Question

An exam has two parts. Raul has probability .9 of answering a question from part A correctly and .7 of answering a question from part B correctly. What is the probability that Raul's grade is greater than 75%?

Part A contains 25 questions and part B contains 36 questions. Assume that answering each question correctly are independent events.

Answer 1

I got roughly 76.3%

Explanation:

Let's first of all see that we have binomial probabilities with answering Part A and Part B of the exam. The general form of a binomial probability is:

`sum_(k=0)^(n)C_(n,k)(p)^k((~p)^(n-k))`

For Part A it's `sum_(k=0)^(25)C_(25,k)(.9)^k((.1)^(25-k))`

and for Part B: `sum_(k=0)^(36)C_(36,k)(.7)^k((.3)^(25-k))`

When we sum up the summations, we end up with 1 for both Part A and Part B - in essence, the entirety of the probability results.

What we're looking for are combinations of results where Raul ends up with greater than a 75% mark. Each question appears to be worth the same, and so he needs to get:

`0.75=x/(25+36)=>x=45.75 -> 46`

and so he needs to get 46 or more right to achieve the needed score. And so we will multiply results from Part A and Part B that will get us to 46 or more answers right.

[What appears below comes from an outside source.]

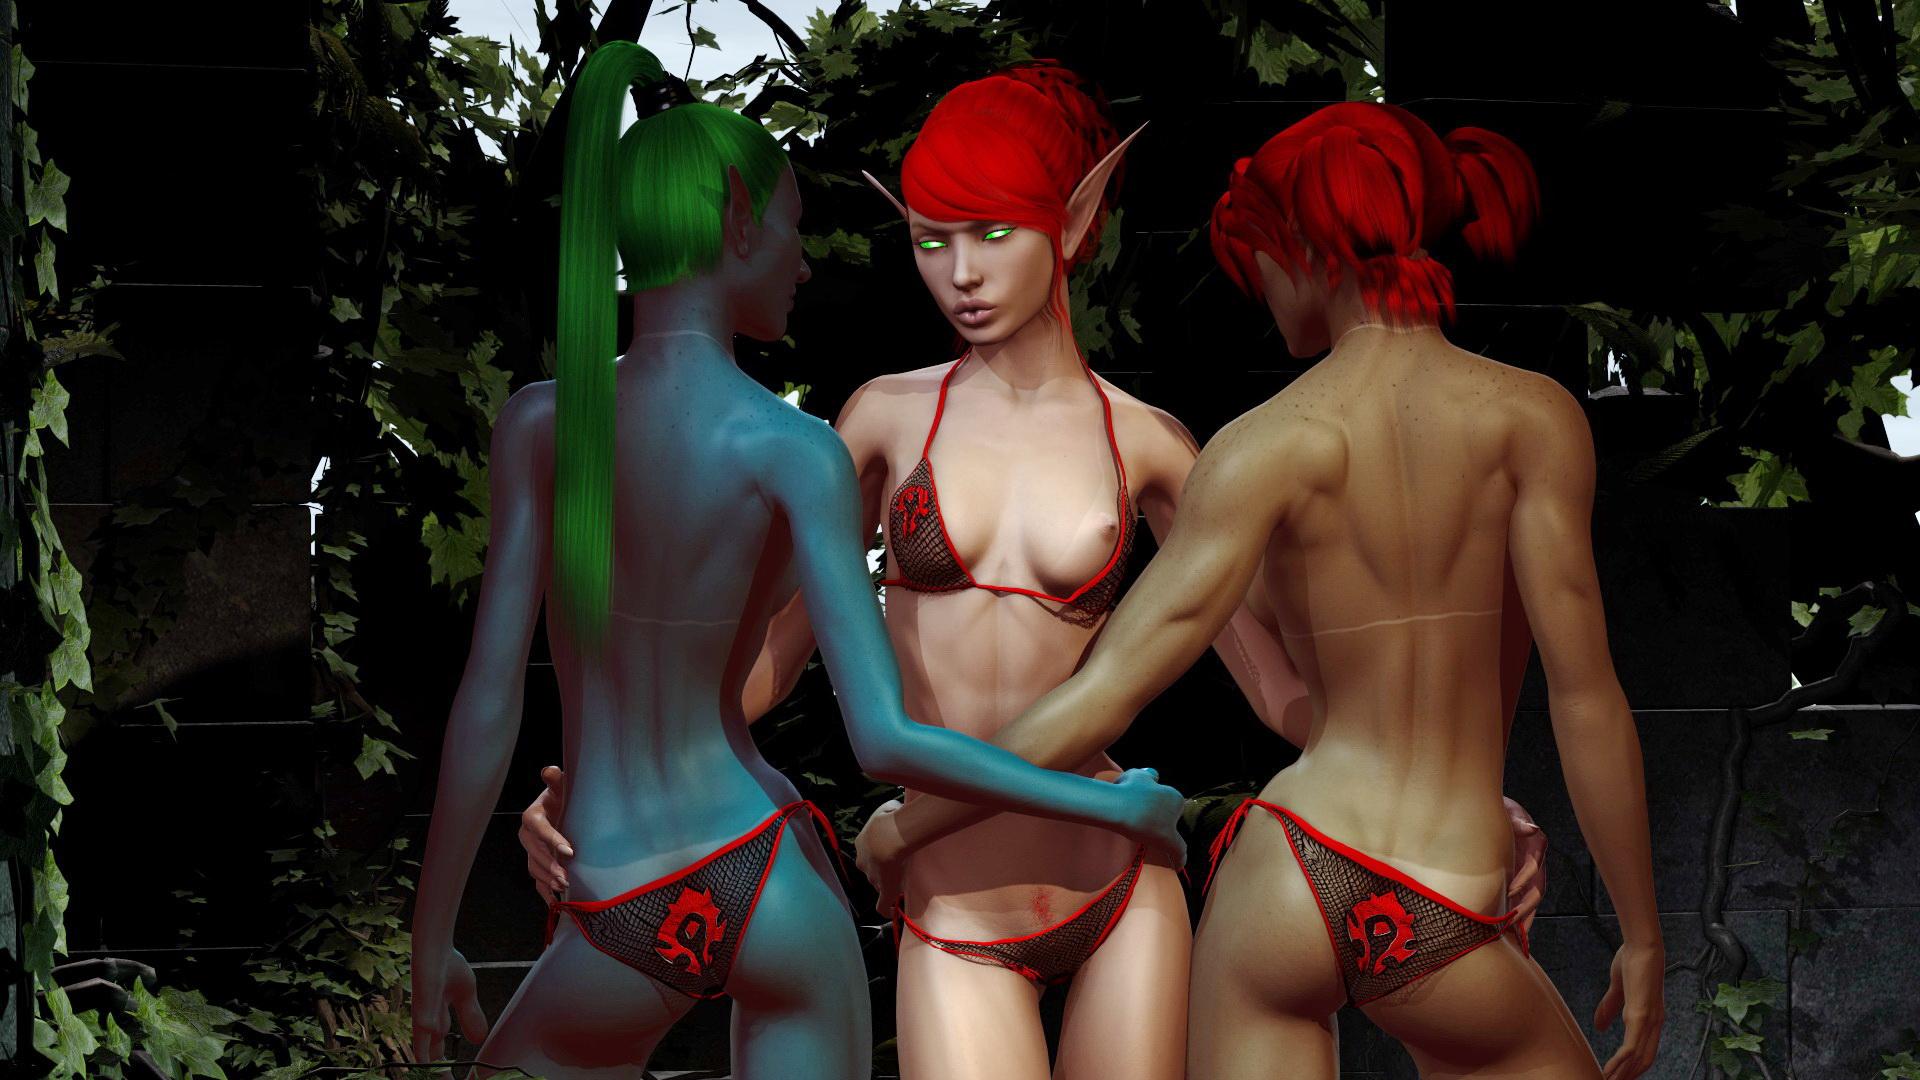 Hentie porncraft sex photo

This means that if Raul gets all of Part A right (25 questions), he can get at least 21 Part B questions right and be ok:

`(("Part A right","Part B at least right","multipications"),(25,21,16),(24,22,15),(vdots,vdots,vdots),(10,36,1))`

for a total of 136 multiplications. Which I'll do on a separate spreadsheet.

I got roughly 76.3%